Tal y como relata Javier Mendoza, «nuestra salida del Hotel Londres estuvo a la altura de la épica de todo el viaje». Tras la proyección y concluidas las tareas de promoción de la cinta, Michi partió por la mañana en avión rumbo a Madrid, mientras Javier abandonaba la habitación, dejaba el equipaje en la consigna del Londres y aprovechaba para apurar su estancia donostiarra. A su regreso al hotel le aguardaba una desagradable sorpresa. «Tendrá usted que abonar la cuenta de extras», le explicó el recepcionista. «Examiné el papel que me tendía con detenimiento. Efectivamente, ahí estaba nuestro viaje en cifras, minibar uno, dos, tres, así hasta quince, los solomillos y los lenguaditos en el restaurante, el teléfono, el servicio de habitaciones, total 40.000 pelas del ala que yo, por supuesto, no tenía». Comienza ahí una sucesión de llamadas telefónicas y otras gestiones en un clima de nervios que finalmente se saldó con el abono de la factura por parte de Manolo Pérez Estremera, codirector del Festival, junto a Diego Galán, en aquella 42 edición.

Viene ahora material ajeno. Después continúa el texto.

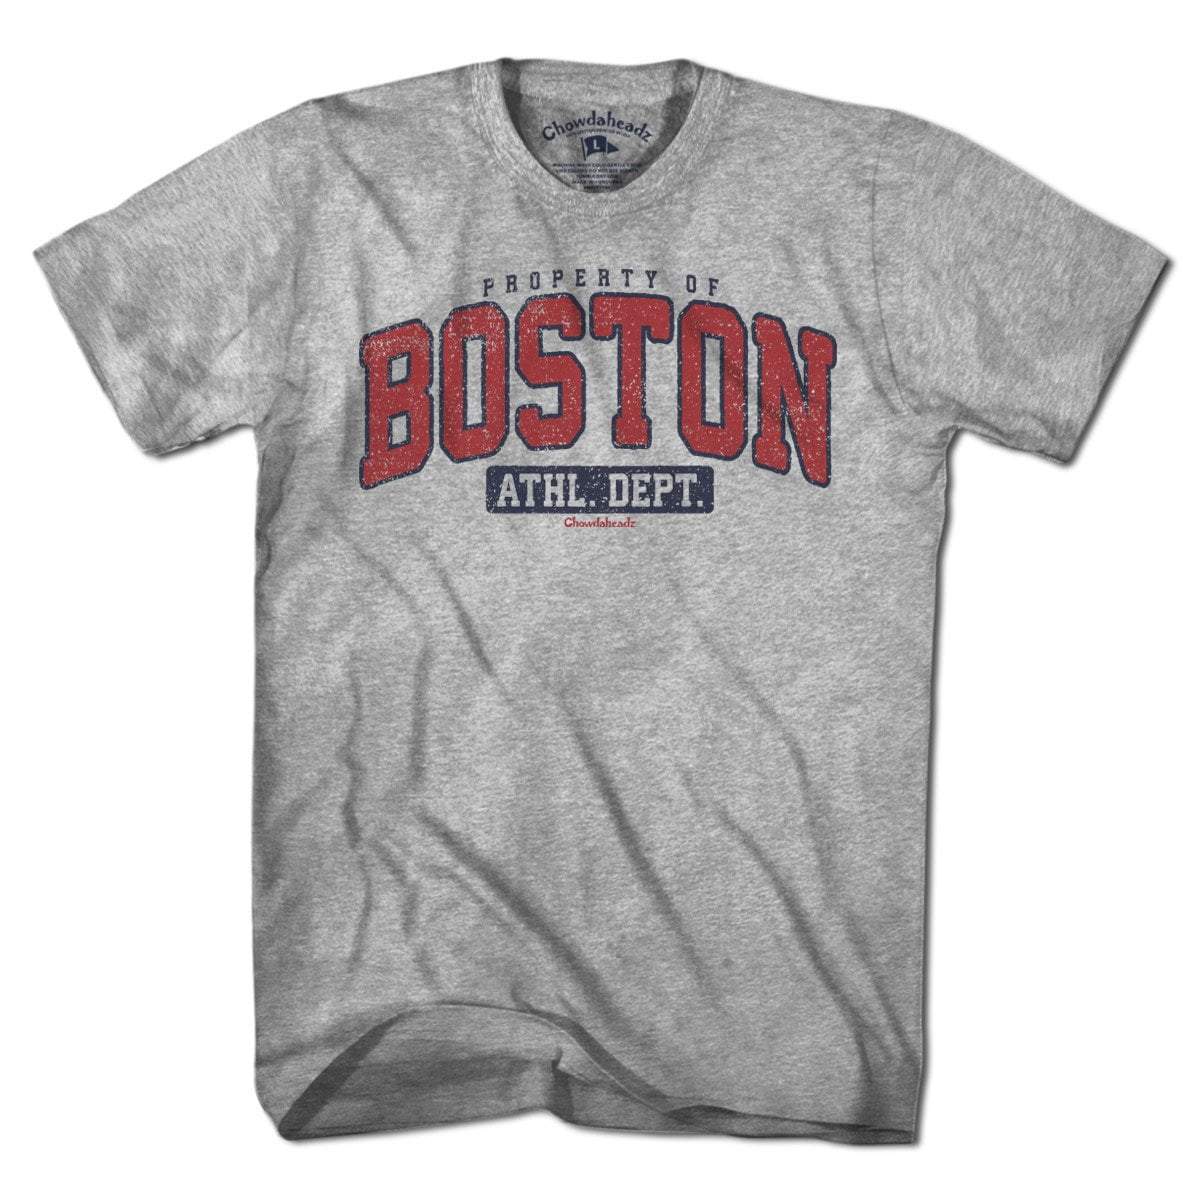 Vintage Distressed Boston Red Sox T-Shirt

«Cuando me instalé en la litera del tren me parecía que todo lo que había vivido en los últimos días era parte de un sueño que se me escapaba poco a poco. Me quedé muy quieto, tumbado sobre el camastro, concentrado en el traqueteo de las ruedas, tratando de recuperar uno a uno todos los detalles del viaje», concluye Javier Mendoza el capítulo 'Los restos del naufragio', dedicado íntegramente a aquella breve e intensa estancia donostiarra.